▶ [Given material]
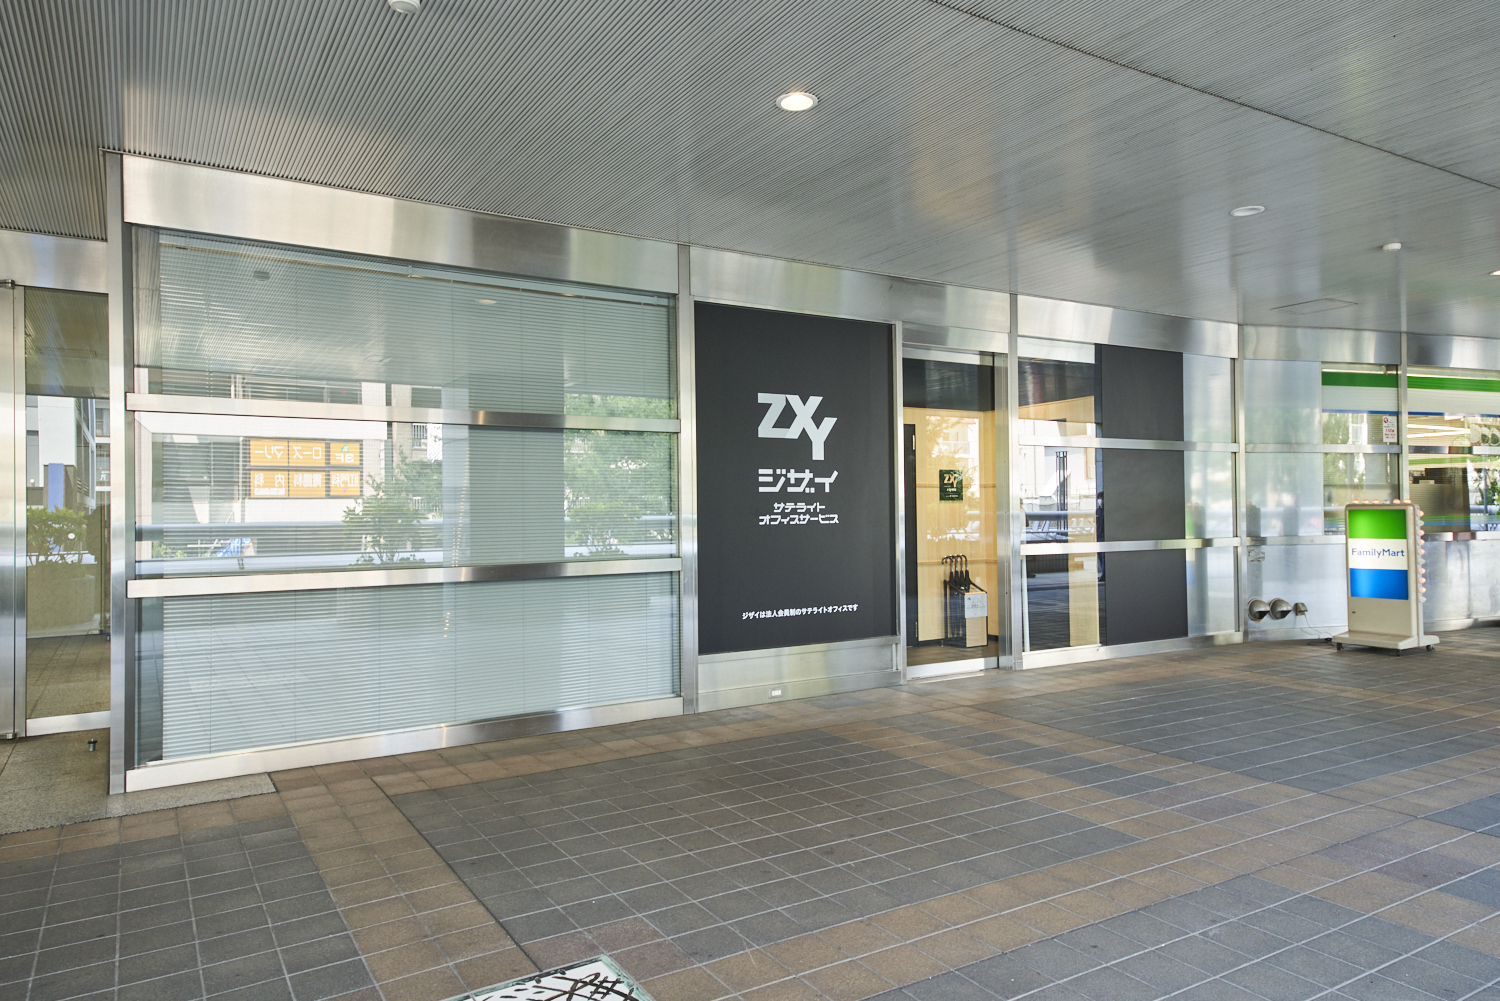 ZXY［ジザイ］錦糸町2 | サテライトオフィスサービス | テレワークに 
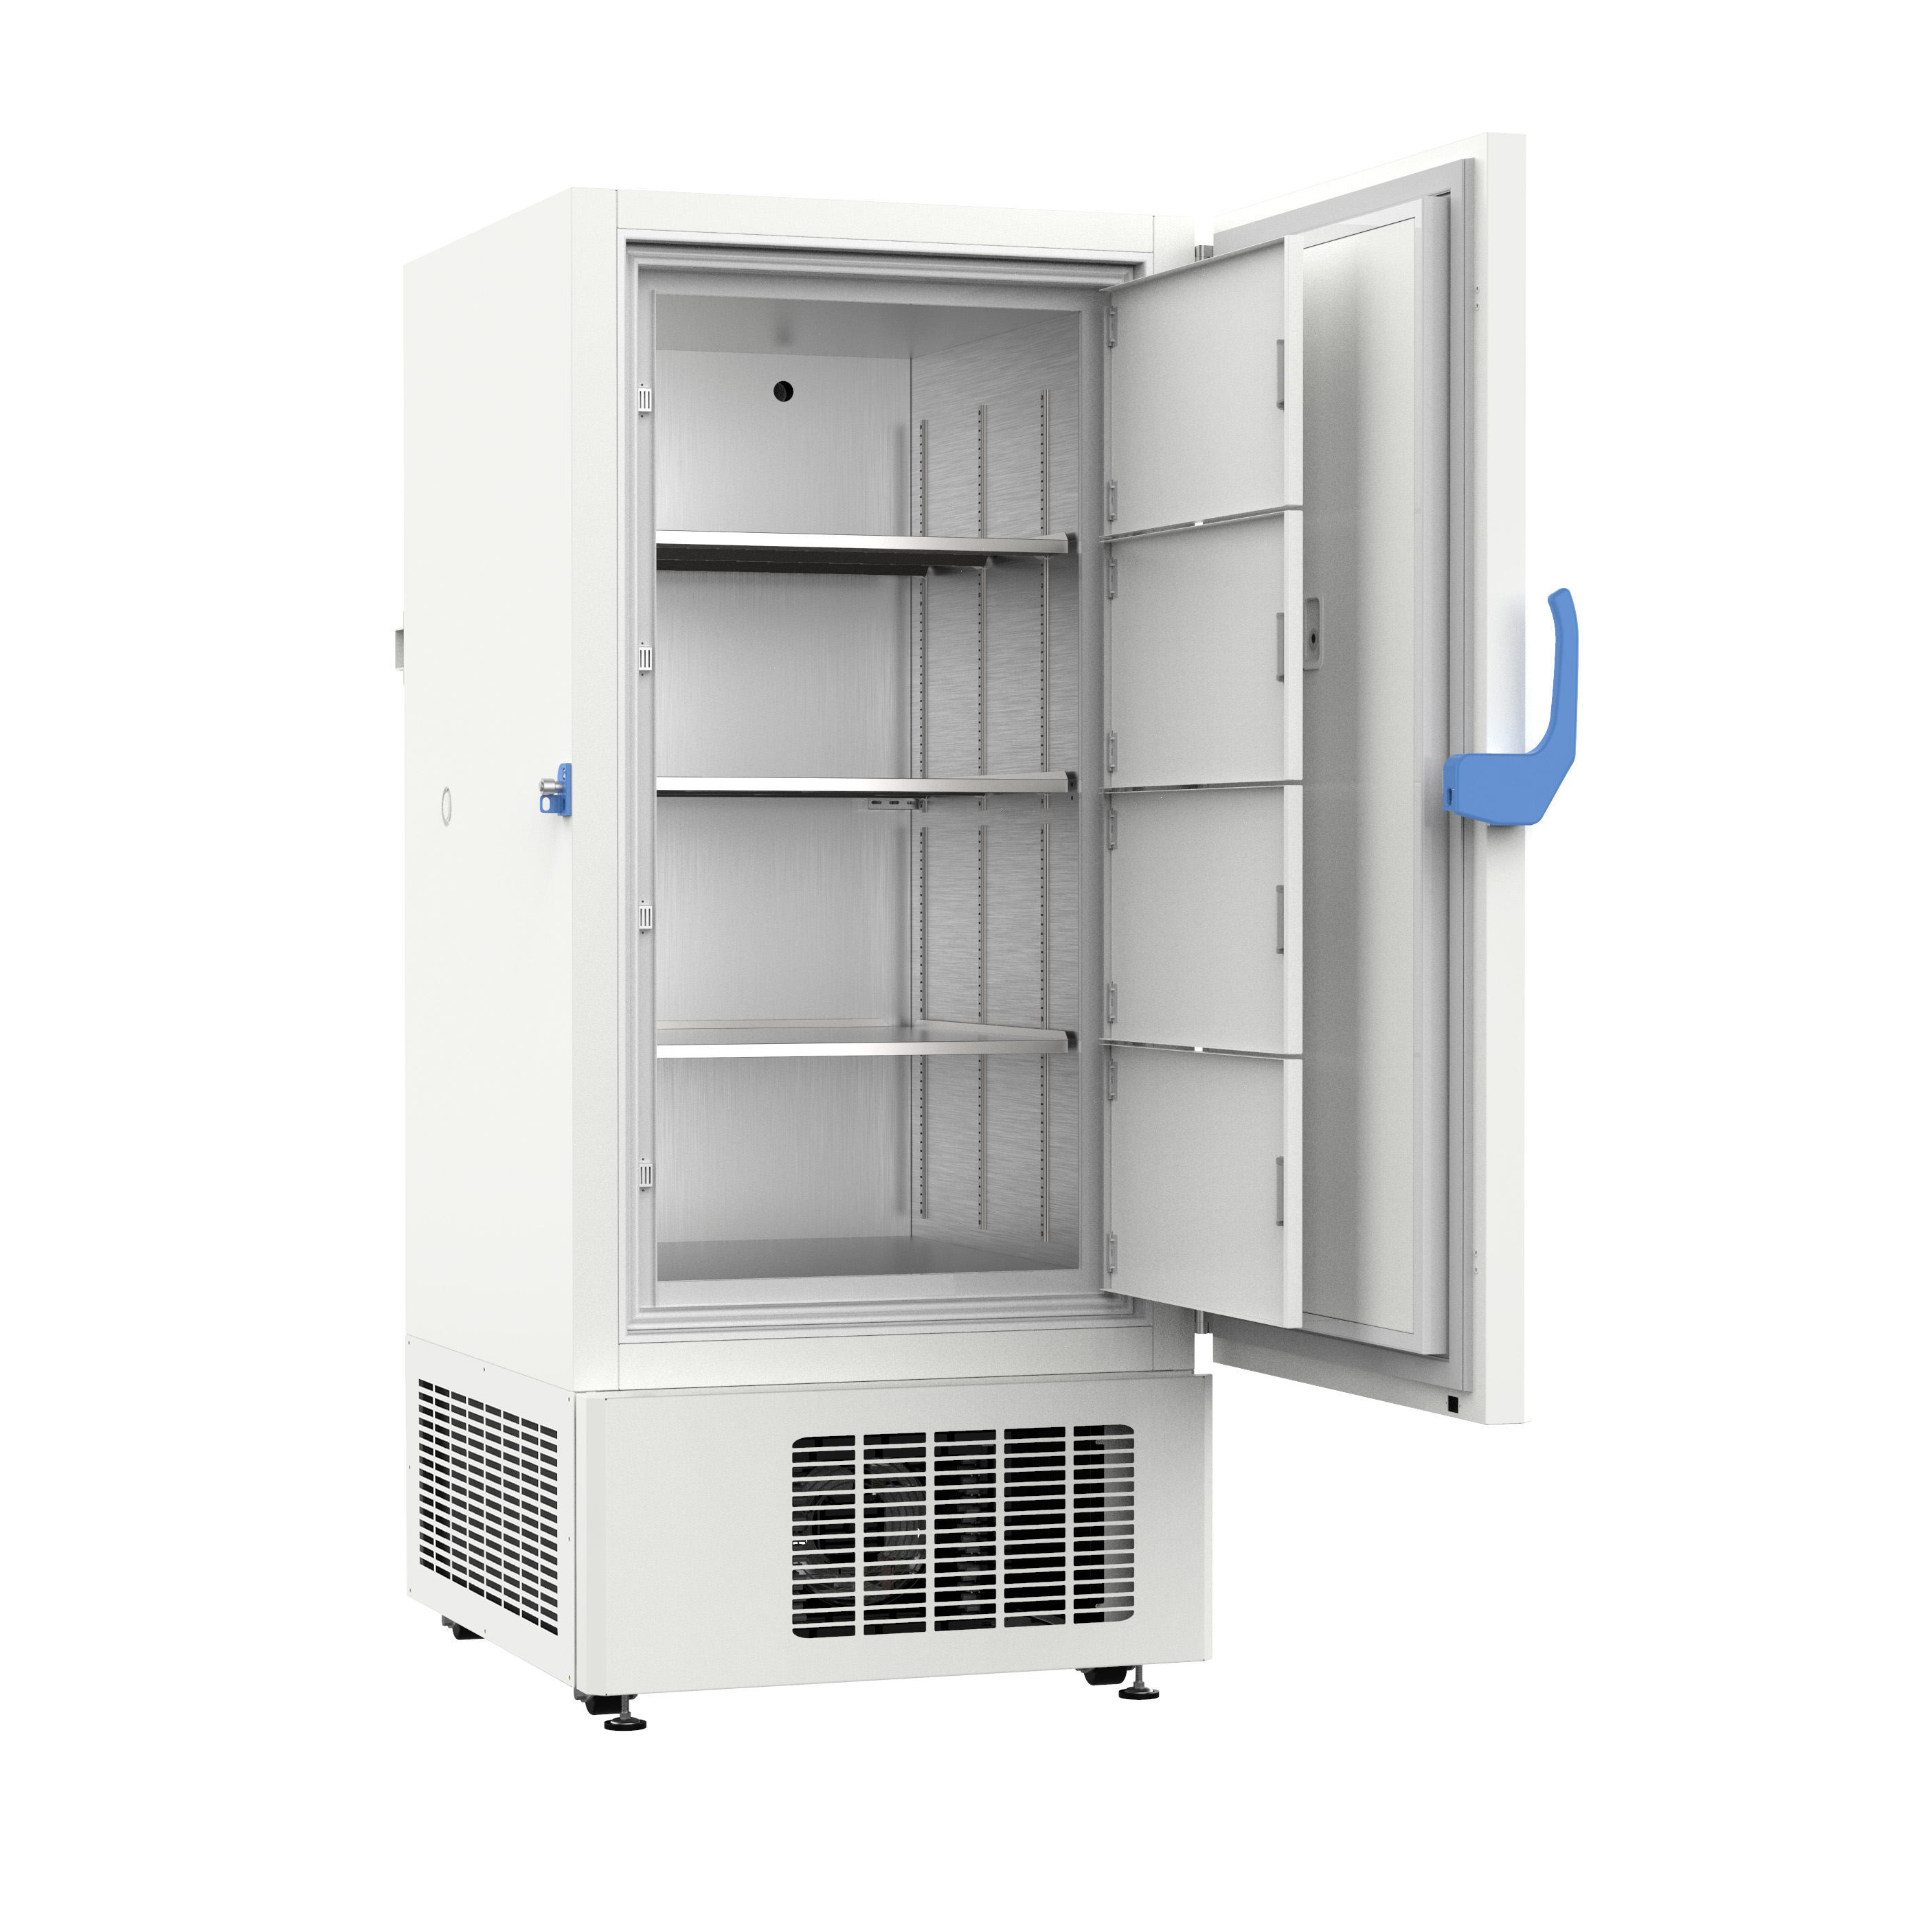  MS-UF500 -40°C Ultra-low Temperature Freezer
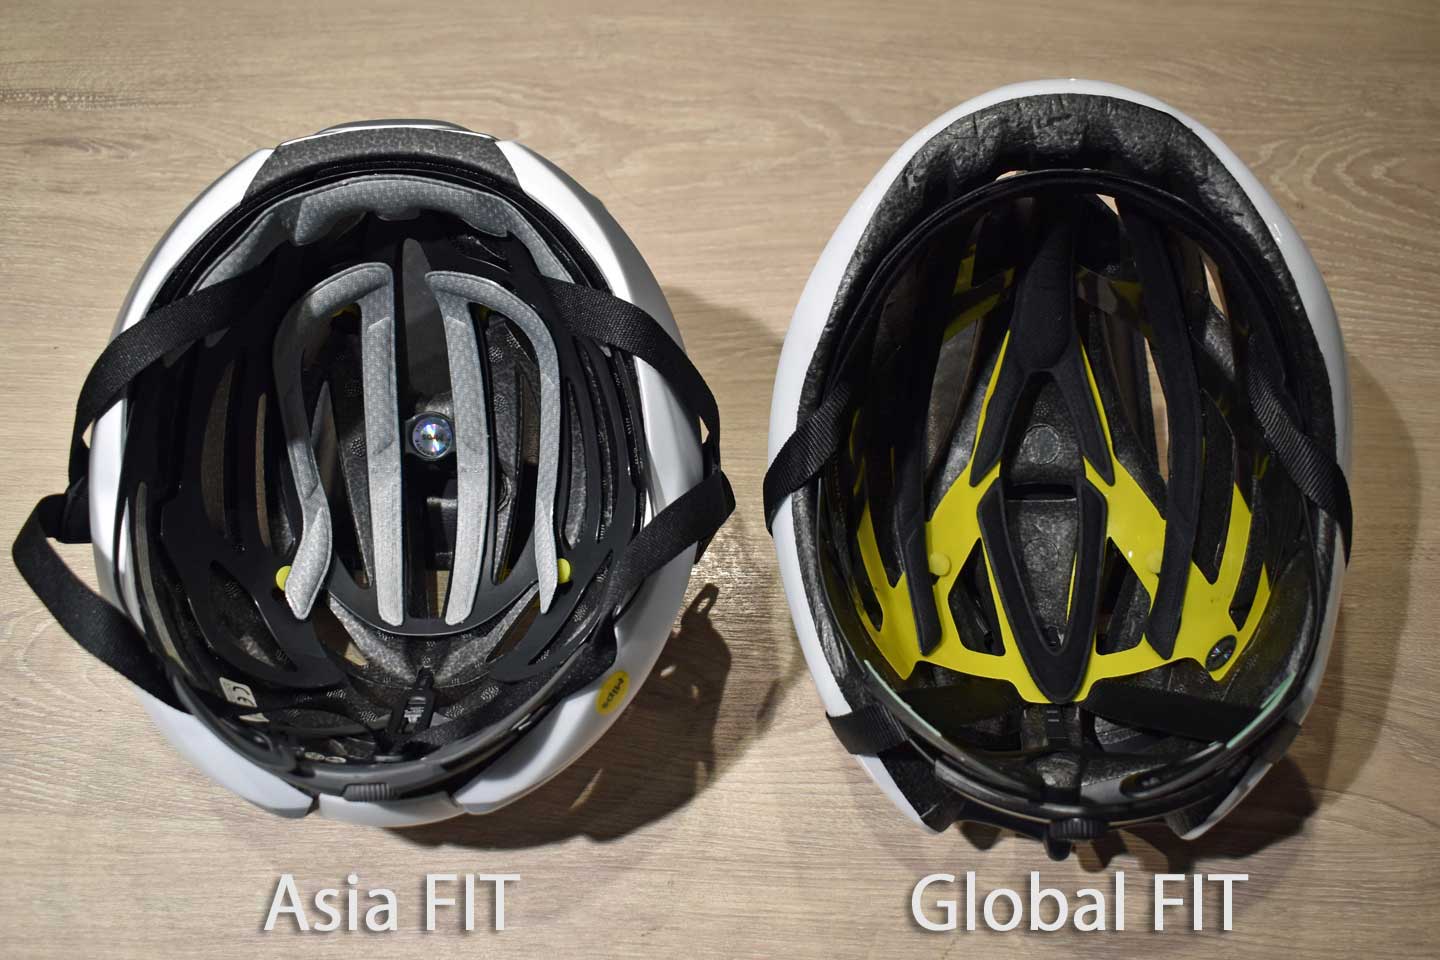 アジアンフィットとグローバルフィットのヘルメットが並んでいる

▶ [Your objective]
The copy must match the listing above exactly, except that it holds no pictures.

▶ [Response]
 ZXY［ジザイ］錦糸町2 | サテライトオフィスサービス | テレワークに 
  MS-UF500 -40°C Ultra-low Temperature Freezer
 アジアンフィットとグローバルフィットのヘルメットが並んでいる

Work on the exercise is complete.